The tangent is given by the row (iv) in column-2. By using the value of ${{a}^{2}}$ in the tangent equation, we get
$\begin{align}
  & y=mx+\sqrt{\dfrac{12}{5}{{m}^{2}}+1} \\
 & mx-y+\sqrt{\dfrac{12}{5}{{m}^{2}}+1}=0 \\
\end{align}$
The tangent equation given in the question is $\sqrt{3}x+2y-4=0$. Using the similar lines concept, we can write that
$\dfrac{m}{\sqrt{3}}=\dfrac{-1}{2}=\dfrac{\sqrt{\dfrac{12}{5}{{m}^{2}}+1}}{-4}$
$\begin{align}
  & \dfrac{m}{\sqrt{3}}=\dfrac{-1}{2} \\
 & m=\dfrac{-\sqrt{3}}{2} \\
\end{align}$
Using this, we get
$\begin{align}
  & \dfrac{-1}{2}=\dfrac{-1}{2}=\dfrac{\sqrt{\dfrac{12}{5}\times \dfrac{3}{4}+1}}{-4} \\
 & \dfrac{-1}{2}=\dfrac{-1}{2}=\dfrac{\sqrt{\dfrac{36+20}{20}}}{-4} \\
 & \dfrac{-1}{2}=\dfrac{-1}{2}=\dfrac{-\sqrt{14}}{2\sqrt{20}} \\
\end{align}$
By the fourth option, we did not get the correct inequality, which is why this is not the correct answer.
Let us consider option-B.
Let us consider the curve II in the column-1
${{x}^{2}}+{{a}^{2}}{{y}^{2}}={{a}^{2}}$. Substituting $A\left( \sqrt{3},\dfrac{1}{2} \right)$ in this equation, we get
$\begin{align}
  & {{\left( \sqrt{3} \right)}^{2}}+{{a}^{2}}{{\left( \dfrac{1}{2} \right)}^{2}}={{a}^{2}} \\
 & 3+\dfrac{{{a}^{2}}}{4}={{a}^{2}} \\
 & 3=\dfrac{3}{4}{{a}^{2}} \\
 & {{a}^{2}}=4 \\
\end{align}$
The tangent is given by the row (iv) in column-2. By using the value of ${{a}^{2}}$ in the tangent equation, we get
$\begin{align}
  & y=mx+\sqrt{4{{m}^{2}}+1} \\
 & mx-y+\sqrt{4{{m}^{2}}+1}=0 \\
\end{align}$
The tangent equation given in the question is $\sqrt{3}x+2y-4=0$. Using the similar lines concept, we can write that
$\dfrac{m}{\sqrt{3}}=\dfrac{-1}{2}=\dfrac{\sqrt{4{{m}^{2}}+1}}{-4}$
$\begin{align}
  & \dfrac{m}{\sqrt{3}}=\dfrac{-1}{2} \\
 & m=\dfrac{-\sqrt{3}}{2} \\
\end{align}$
Using this, we get
$\begin{align}
  & \dfrac{-1}{2}=\dfrac{-1}{2}=\dfrac{\sqrt{4\times \dfrac{3}{4}+1}}{-4} \\
 & \dfrac{-1}{2}=\dfrac{-1}{2}=\dfrac{\sqrt{4}}{-4} \\
 & \dfrac{-1}{2}=\dfrac{-1}{2}=\dfrac{2}{-4} \\
 & \dfrac{-1}{2}=\dfrac{-1}{2}=\dfrac{-1}{2} \\
\end{align}$
So, we got the correct inequality with option-B.
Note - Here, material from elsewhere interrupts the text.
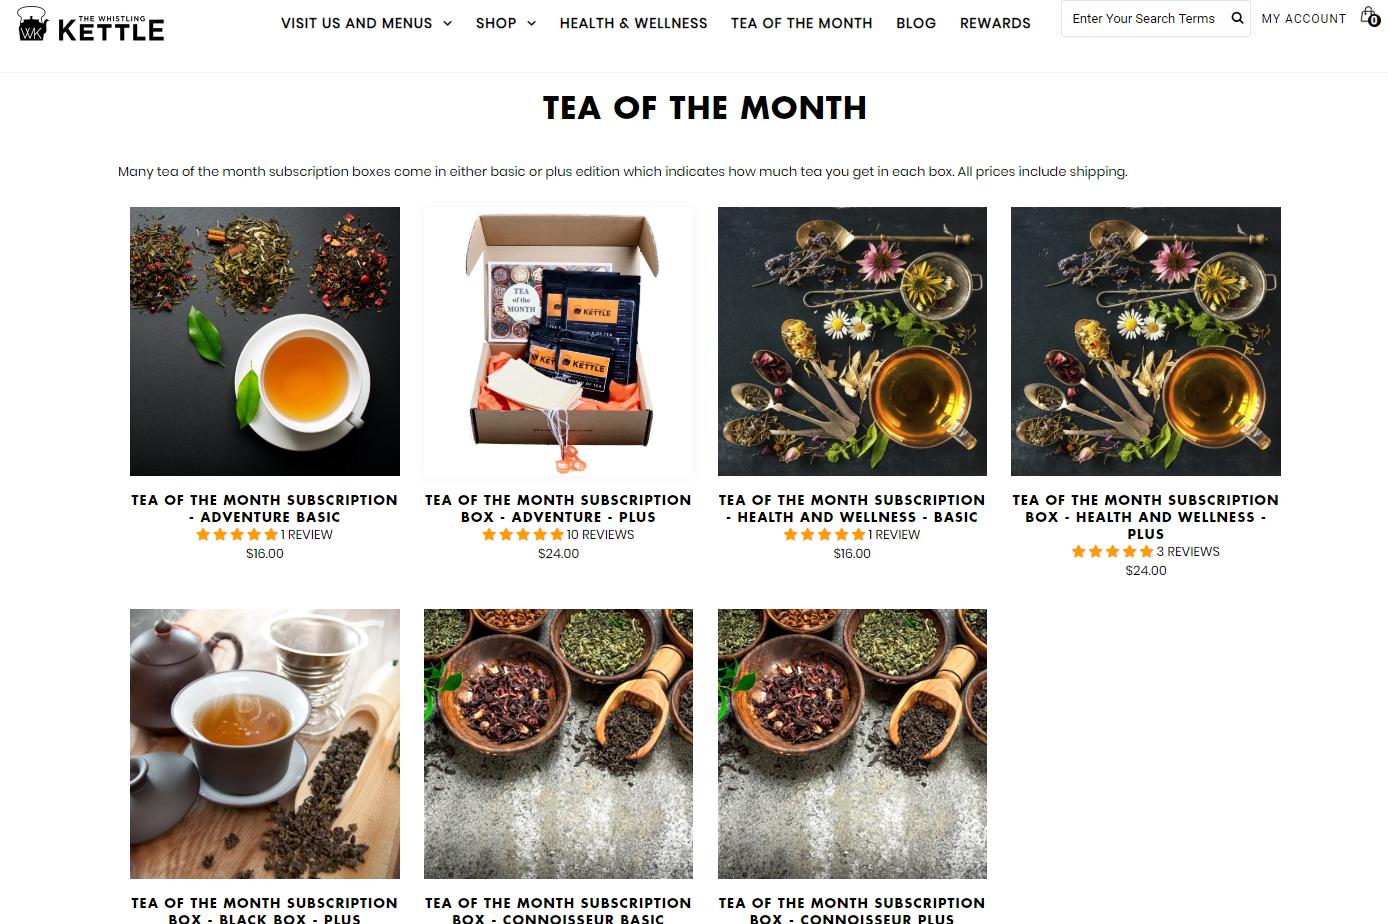 The Whistling Kettle black tea green tea herbal tea adventure tea health and wellness tea

$\therefore $The correct combination for the given point and tangent is II,(iv), R. The answer is option-B.

Note:
Students try to solve the equation containing m which we got by substituting the point in the equation of tangent. For example, if we consider option-A, they try to solve for m in $mx-y+\sqrt{\dfrac{12}{5}{{m}^{2}}-1}=0$ by substituting the point. After getting the values of m, they try to use them in the column-3 to check. This procedure will lead to the answer but it is a process that involves more calculations. We will not use the tangent equation given in the question in this process. So, we should always think about a procedure with less few of calculations and we should use all the information given in the question.